The *Director of Medical Risk Adjustment (MRA) and Clinical Documentation* will assist in the development and implementation of a long-term strategy to achieve continuous improvements as it relates to Quality and Coding. This person will ensure that Valora’s Risk Adjustment programs comply with all applicable guidelines, regulations, and laws established by the Centers for Medicare and Medicaid Services (CMS), the Department of Health and Human Services (HHS), and others established at the state and federal levels.
This person will direct and manage a team of coders while creating a culture focused on Compliance and Core Behaviors. This leader will build strong partnerships with Valora’s cross-functional teams including Care Management, Clinical Operations, Medical Providers, and leadership to develop programs that deliver measurable, actionable solutions resulting in improved accuracy of medical record documentation and coding.
Promotes the strategy and capabilities to develop risk management and physician/member initiatives that support provider documentation and coding accuracy. Executes audits performed by government agencies (e.g., CMS, HHS), internal Compliance and other validation audits to ensure efficacy of documentation, coding and quality for Valora members.
Develops and implements provider education strategies and tools, monitoring provider performance, developing corrective action plans, direct provider interventions, and assisting physicians, and offices that perform below quality benchmark.
*Essential Duties and Responsibilities:*
* Perform management responsibilities including, but not limited to: involved in hiring and termination decisions, coaching and development, rewards and recognition, performance management and staff productivity. Plan, organize, staff, direct and control the day-to-day operations of the department; develop and implement policies and programs as necessary; may have budgetary responsibility and authority.
* Audits: Oversee the collection and validation of historical member clinical data to fulfill any audit requests. Includes retrieval of medical records, validation of member clinical conditions and confirmation of reimbursement values received from Managed care plans. Responsible for overseeing operational efforts and providing status / results to executive leadership.
* Provider Education: Assist in leading interventions to address quality concerns relating to Provider clinical information. Compose and distribute education materials to physician to aid the collection of complete and accurate member profile documentation.
* Production Coding: Manage a team of internal coder/clinicians that perform Risk Adjustment coding of medical records. Track production coding results and monitor accuracy of coding.
* Quality Assurance on Virtual Programs coding results: Lead team of coder/clinicians to review member medical records to validate 100% of new diagnoses submittable to MAPD plans for reimbursement.
* Compliance Oversight: Oversee staff devoted to ongoing updates/policy modifications distributed by CMS. Serves to alert relevant stakeholders and propose new operational policy/process updates to comply with regulatory mandates.

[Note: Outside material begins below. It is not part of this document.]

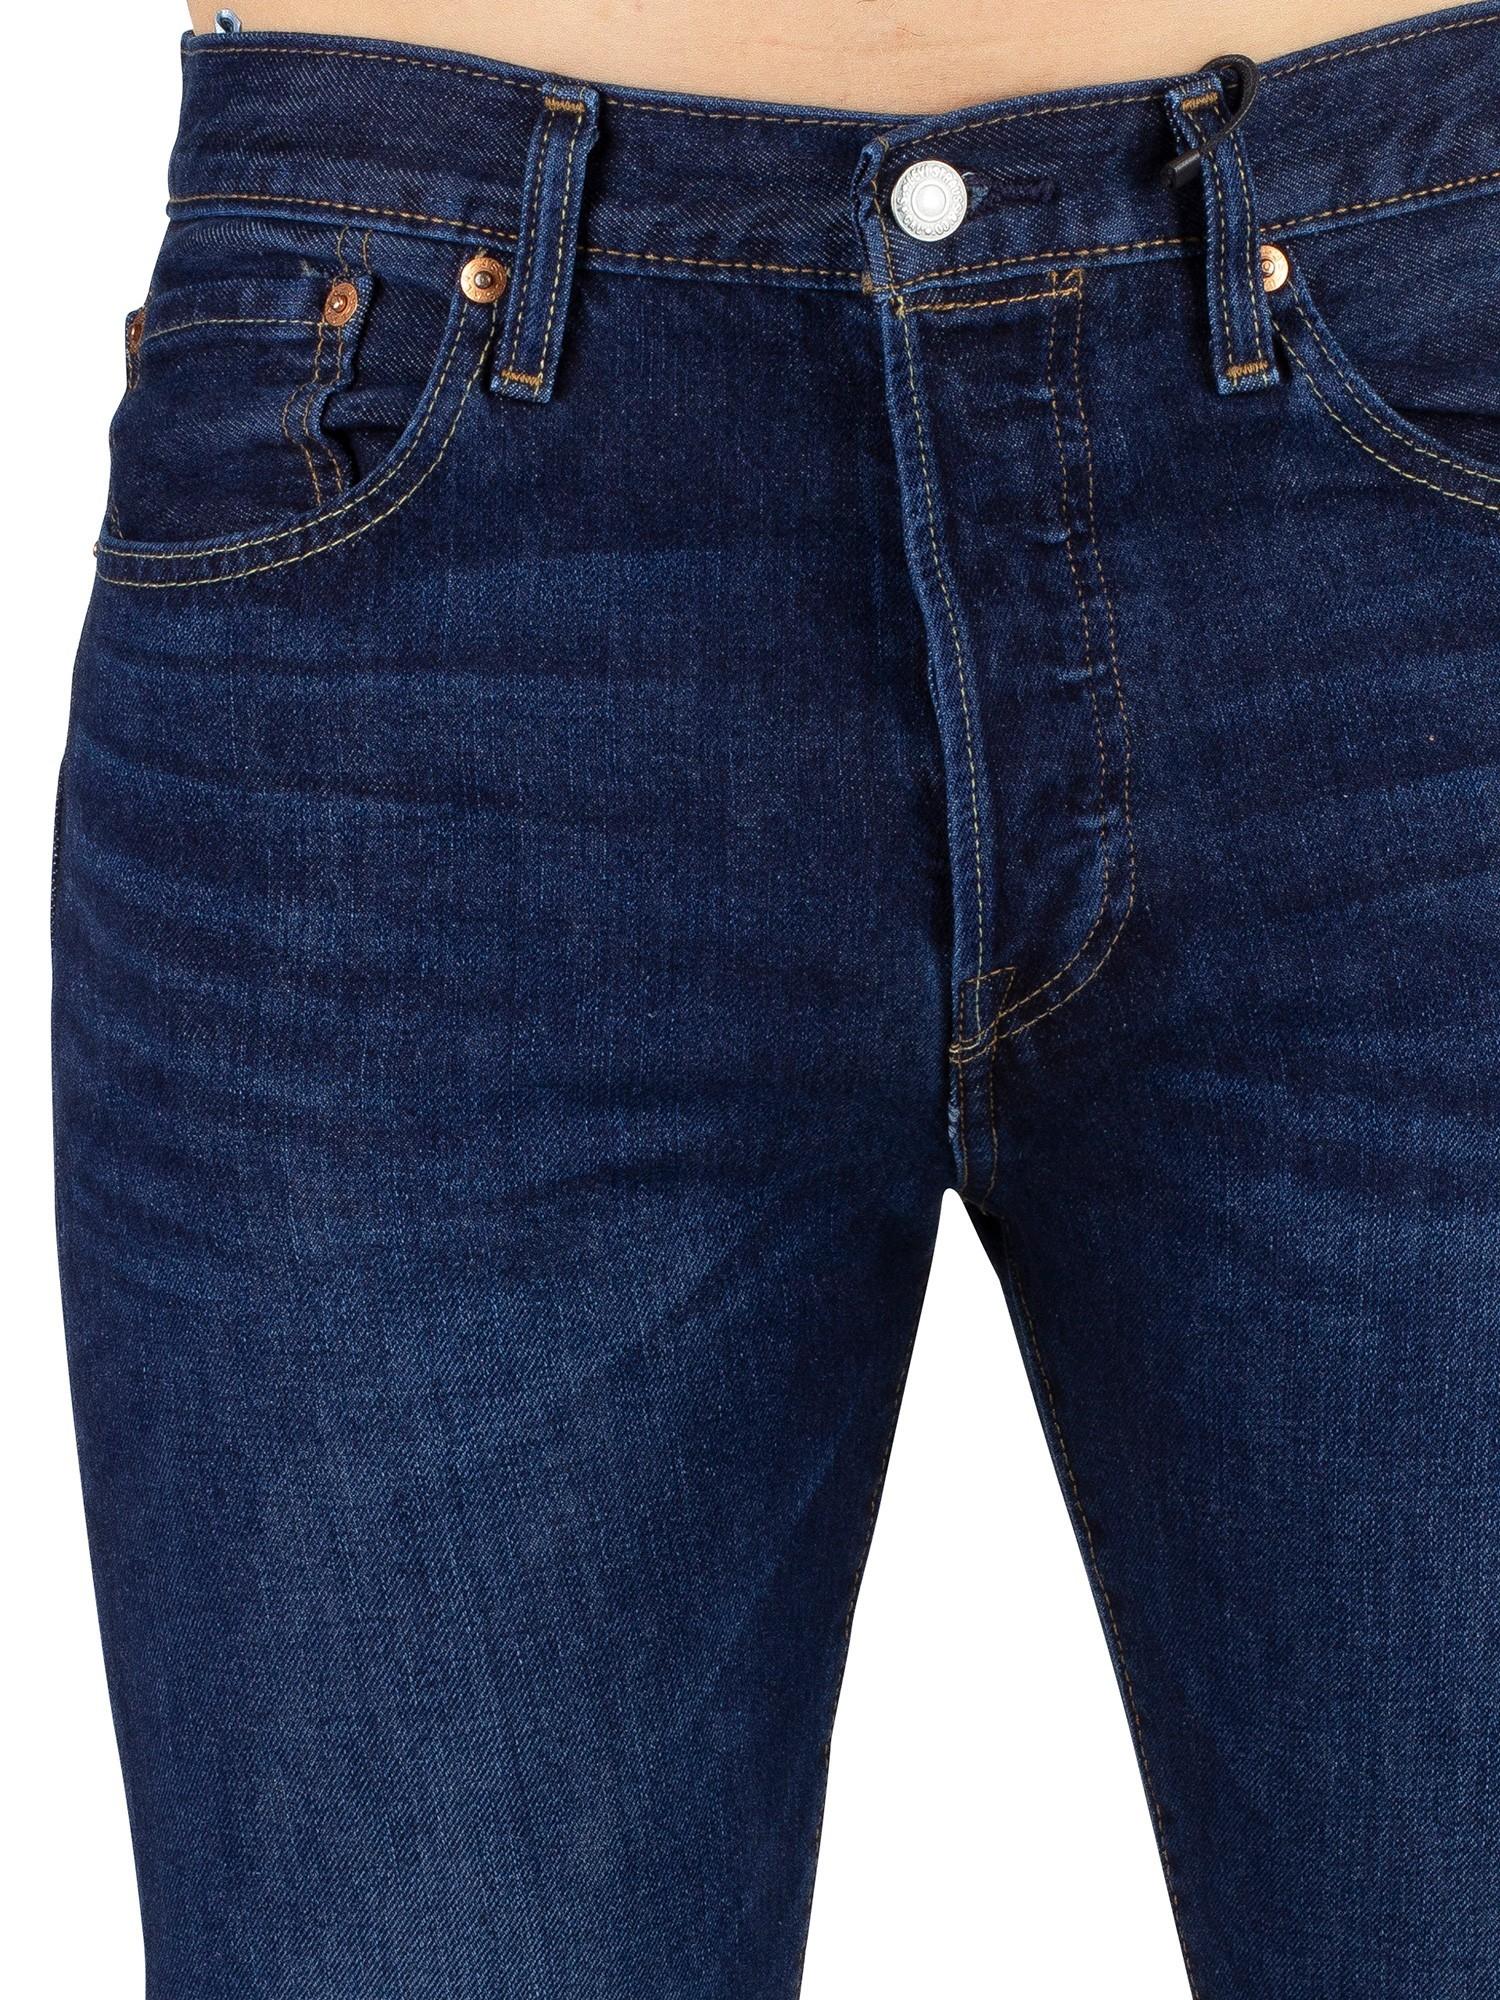 Levi's Denim 501 Slim Taper Jeans in Blue for Men - Lyst

* Act professionally and treat co-workers and leadership with respect.
* Motivate and empower the team to maximize outcomes and maintain a positive work environment.

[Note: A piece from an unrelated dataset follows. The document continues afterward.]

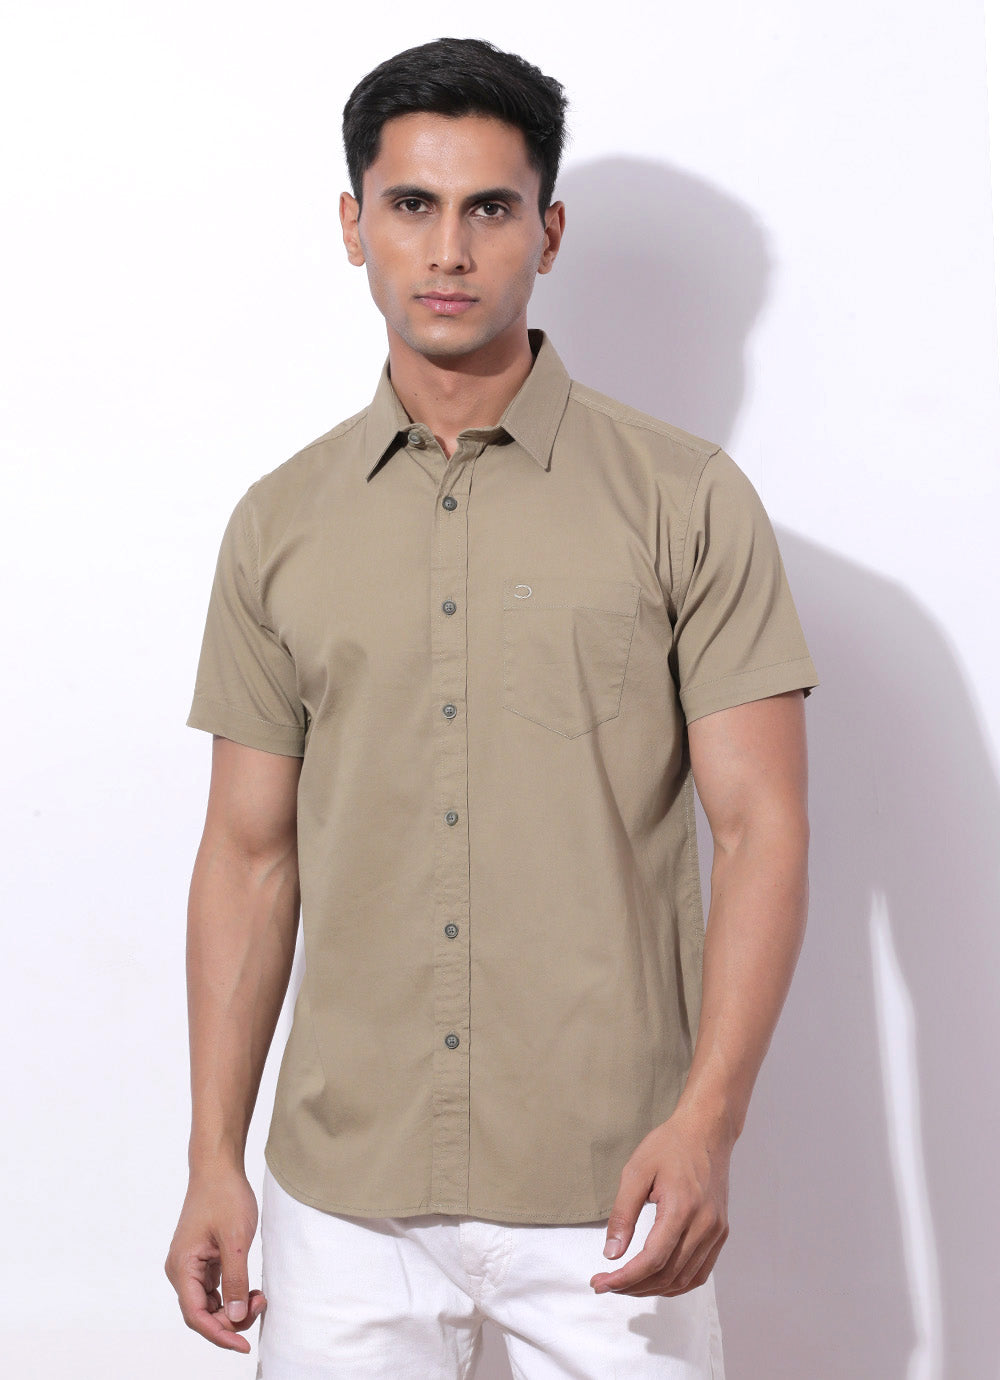 K-Mod Khaki- A Slim Fit Cotton Shirt With Single Patch Pocket.

* Adheres to and models company standards, processes, and protocols.
* Lead by example and champion Valora’s vision, mission, and values
* Other duties as assigned.
*Education/Qualifications:*
* Bachelor's Degree in Healthcare Administration, Business Administration, or Management Substitutions
* Master's Degree in preferred
* Bilingual in English and Spanish is highly preferred
* 7+ years’ experience in management, specifically in the healthcare industry
* 5+ years’ experience with MRA Coding and Clinical Documentation
* Knowledge of EMR systems - eClinicalWorks (eCW) experience is required
* Proficient in Microsoft Office 365 (Outlook, PowerPoint, Excel, Word)

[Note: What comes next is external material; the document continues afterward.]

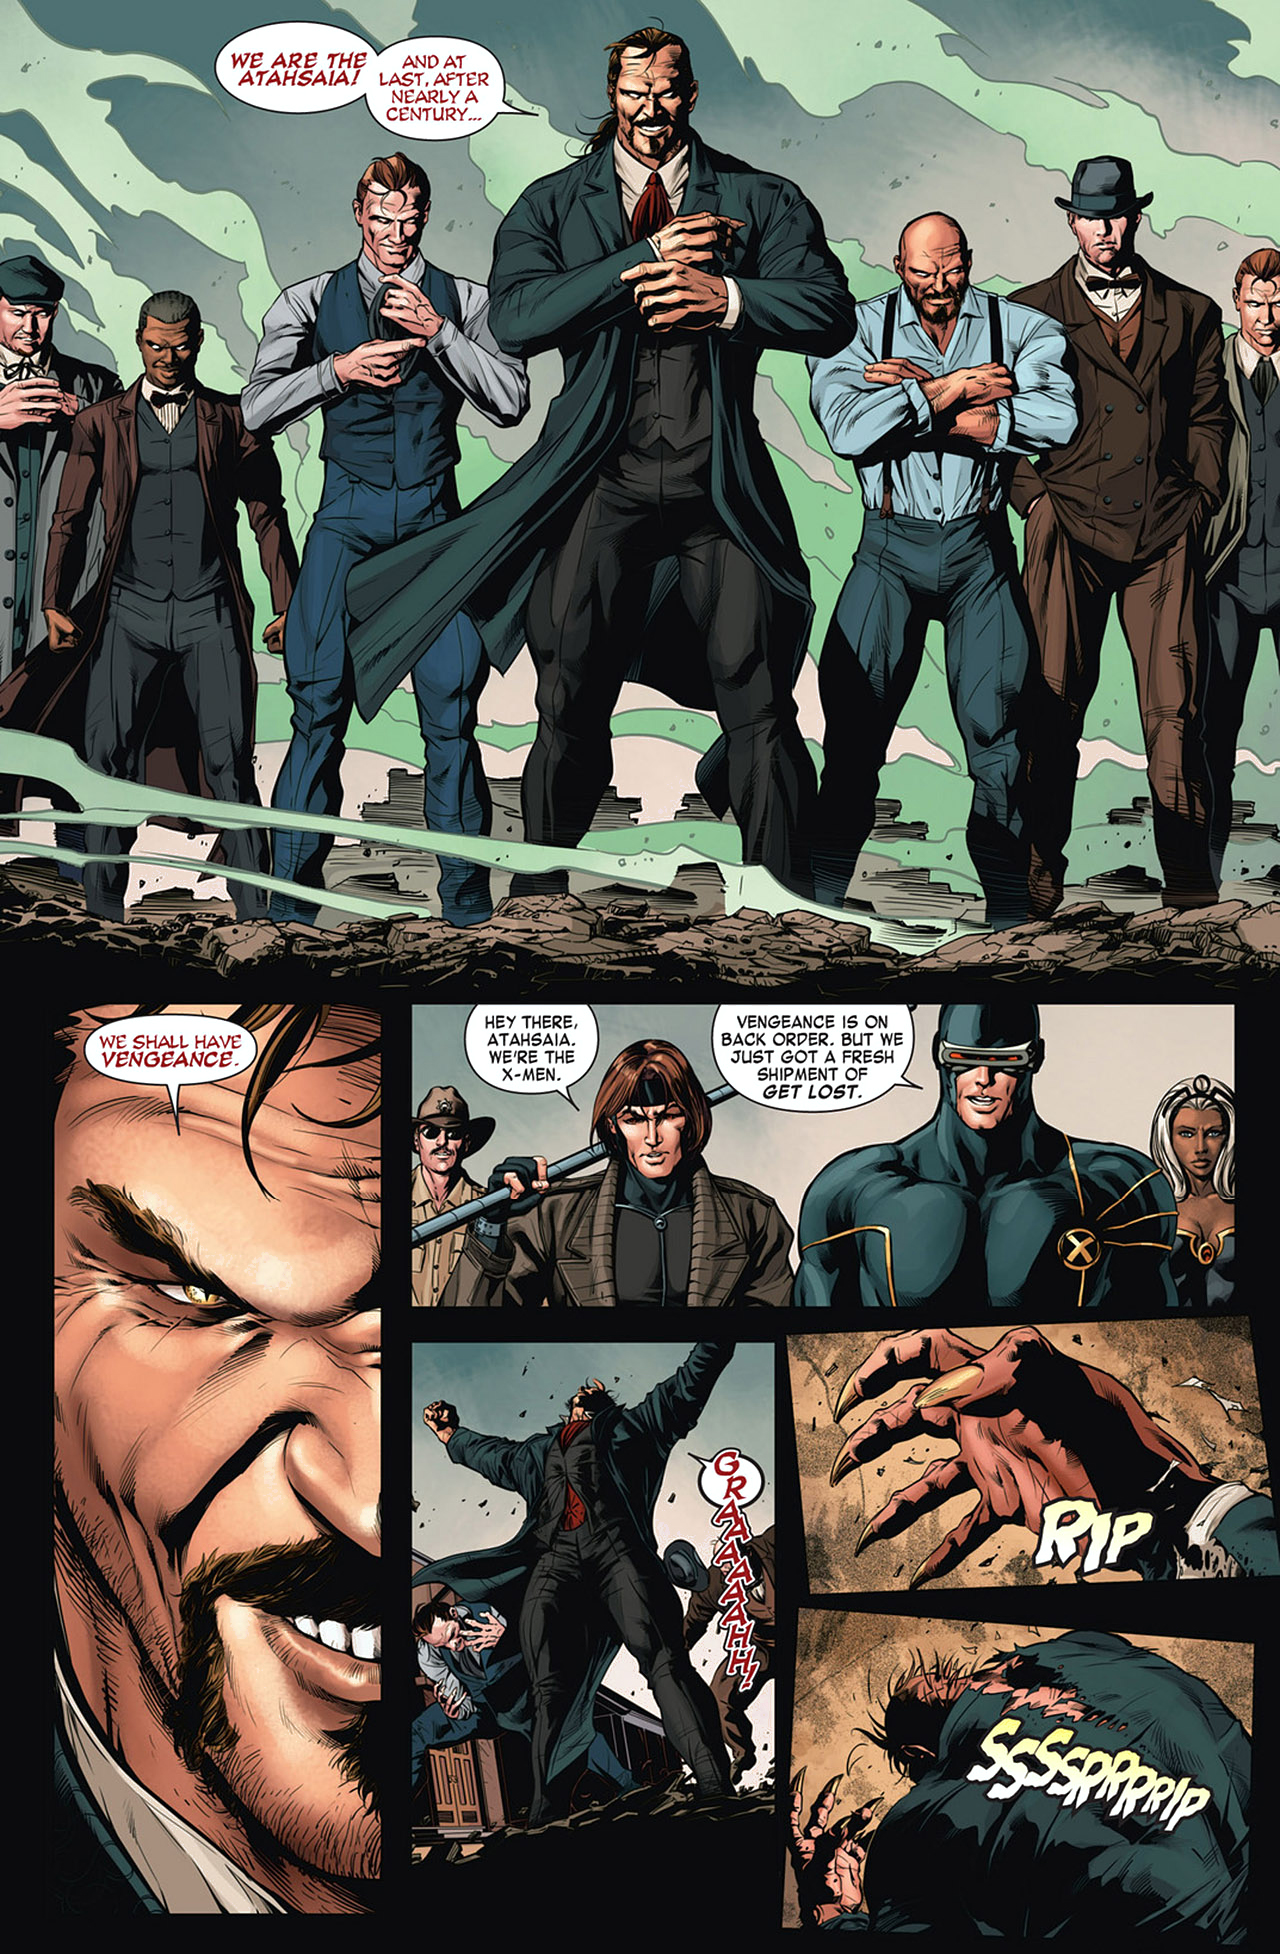 The X-Men And Ghostrider VS The Atahsaia

* Understanding of and adherence to expectations under CMS Fraud/Waste Abuse, OSHA, and HIPAA
* Must have effective written, verbal communication, and interpersonal skills
* Ability to complete assigned duties in a timely and proficient manner
* Ability to communicate with others effectively in a concise manner, in order to bring issues effectively to a resolution
* Ability to establish working relationships, resolve interpersonal conflicts, and apply basic staff etiquette in dealing with others
* Ability to handle confidential information with discretion
* Strong analytical skills with attention to detail
* Ability to learn new procedures and adapt quickly to change
* Innovative, motivated, organized, and team player
* Follow through with commitments
* Ability to work independently
* Proactive and self-starter.
*EXPERIENCE*
Required
* 7 - 10 years in the Healthcare Industry
* 5 - 7 years in Management
* 5 - 7 years in Risk Revenue
*LICENSES AND CERTIFICATIONS*
Required
* AAPC, Certified Professional Coder (CPC)
Highly Preferred
* AAPC, Certified Risk Adjustment Coder (CRC)
*Skills:*
* CMS Regulations
* EHR (eClinicalWorks)
*EEO Statement: *Valora Medical Group, LLC is an equal opportunity employer and does not discriminate on the basis of race, color, religion, creed, sex, national origin, age, disability, pregnancy status, sexual orientation, gender identity, veteran status, marital status, genetic information, citizenship status, or other status protected by law. In compliance with the Immigration Reform and Control Act of 1986, we will hire only U.S. citizens and aliens lawfully authorized to work in the United States.
Job Type: Full-time
Benefits:
* 401(k)
* 401(k) matching
* Dental insurance
* Disability insurance
* Employee assistance program
* Flexible spending account
* Health insurance
* Health savings account
* Life insurance
* Paid time off
* Referral program
* Retirement plan
* Vision insurance
Medical Specialty:
* Geriatrics
Schedule:
* 8 hour shift
* Monday to Friday
Application Question(s):
* What is your desired salary?
Education:
* Bachelor's (Preferred)
Experience:
* eClinicalWorks: 7 years (Preferred)
* Risk Revenue: 5 years (Preferred)
* Medical documentation: 5 years (Preferred)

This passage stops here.